Bitwarden had fixed its browser extension to support private window mode in Firefox. This brings a solution to an issue that was first filed in April 2017.
This isn’t a deal-breaker for the majority of users, but some people use the Private browsing mode for protecting their privacy. It can be quite useful to block trackers, and to prevent storing cookies permanently. It is handy for accessing and managing shopping, and banking accounts without worrying about cross-site trackers.
Personally, I prefer using a dedicated container per site or genre (shopping, banking, games, etc) in normal browsing mode. That, combined with uBlock Origin, provides solid security and privacy from cross-site trackers. That’s a different story, let’s focus on Bitwarden.
What was the issue?
Bitwarden’s pop-up panel wouldn’t work in Firefox private windows. Clicking the password manager’s button on the toolbar would display an empty modal, or show an error that it can’t work in private mode. The Chrome version of the add-on wasn’t impacted by the issue. This meant that users couldn’t access their logins, or save new usernames/passwords conveniently, as they could in regular windows.
The founder of Bitwarden pointed the finger of blame at Mozilla, claiming that Firefox did not allow background page communication in private windows, and this was preventing the add-on from functioning in said mode. The password manager’s pop-up panel is unlocked in a normal, non-private window, the contents of which wasn’t accessible in a private window.

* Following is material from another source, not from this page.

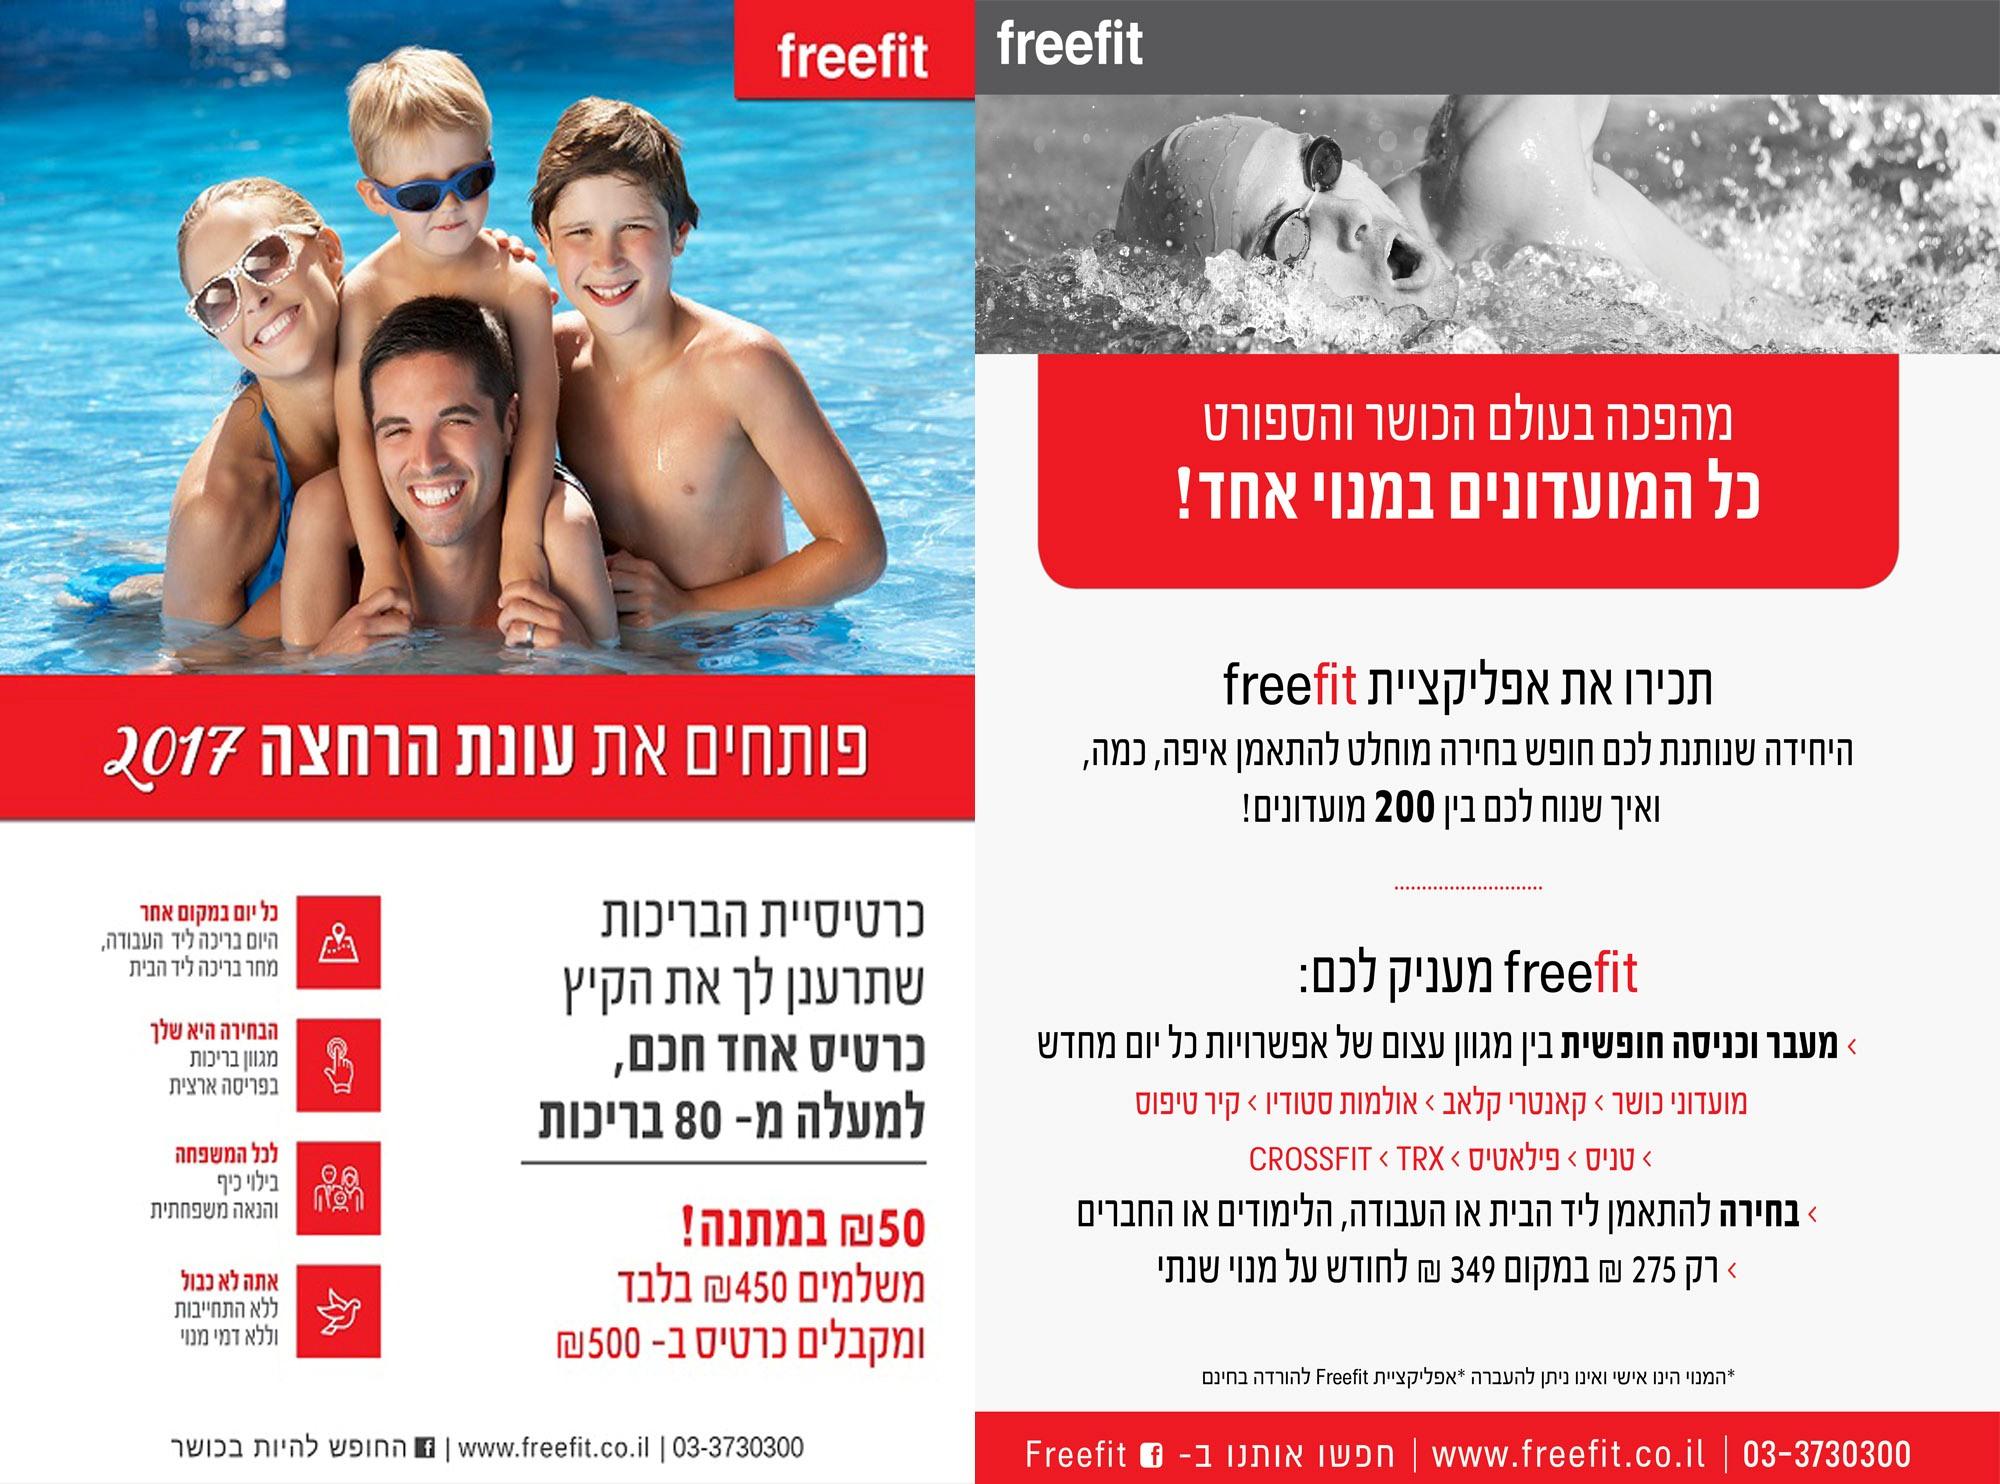 freefit

Interestingly, the context menu works perfectly in private mode, and so does the hotkey Ctrl + Shift + L. The problem here is that you need to have unlocked the password manager in a normal Firefox window, and switch to the private window in order to access these other options.
So, it is Mozilla’s fault, or is it? Take LastPass for example, or any other password manager extension. Most, if not all of these add-ons, support Firefox’s Private mode. How is that possible if there are restrictions in place?
A member of the Bitwarden team recently mentioned that Bitwarden’s extension would be reworked in order to support Manifest v3. His statement explains that other password managers had been designed in such a way, they could work with the limitations in Firefox, but Bitwarden had to be rewritten to be functional. This refactored version will support Firefox’s Private mode as well.
This basically confirms that it was not a problem caused by Mozilla, and that the way Bitwarden’s extension was written indeed the cause of the issue. In other words, they didn’t bother to fix the concern.
I’m not saying Bitwarden is a bad product, far from it actually, I respect it for the fact that it is an open-source software sans the limitations imposed by the free tiers of its rivals. But the miscommunication from the company isn’t doing them any favors, this is what people call a lack of transparency. They should have, at the very least, acknowledged the issue, and worked on resolving it, instead of blaming others. As a company that offers premium services, it is the only acceptable approach in customer support, otherwise they are going to take their business elsewhere. Bitwarden has promised to keep its community up-to-date on the developments, by hiring a platform and community product manager. It seems like they learned their lesson, which is welcome news.
Bitwarden fixes its browser extension to support Firefox private windows
Bitwarden has managed to find a solution for supporting Private mode in Firefox.
The fix is not available for users in the current version of the add-on, v1.56.6. According to a commit made at the password manager’s GitHub, the workaround for private mode is currently being tested, it is expected to be made available in a future update scheduled to roll out in March.
Image courtesy: Bitwarden.
Limitations in Bitwarden’s support for Private Browsing in Firefox
While the workaround is welcome news, it is not without limitations. You need to unlock the vault every time you click the pop-up in private mode. Enabling the add-on’s sidebar circumvents this restriction.
To use PIN unlock, you will need to disable the “Lock with master password on browser restart” option from the settings. As I mentioned earlier, the autofill and right-click menus can be accessed in private mode, but only if you have unlocked the vault in a regular browser window. The extension’s icon will not update to reflect its status. The Biometric unlock and save password prompt are currently being tested for compatibility issues.
It’s good to see that the issue has been finally fixed, even though it took 5 years to arrive at the resolution.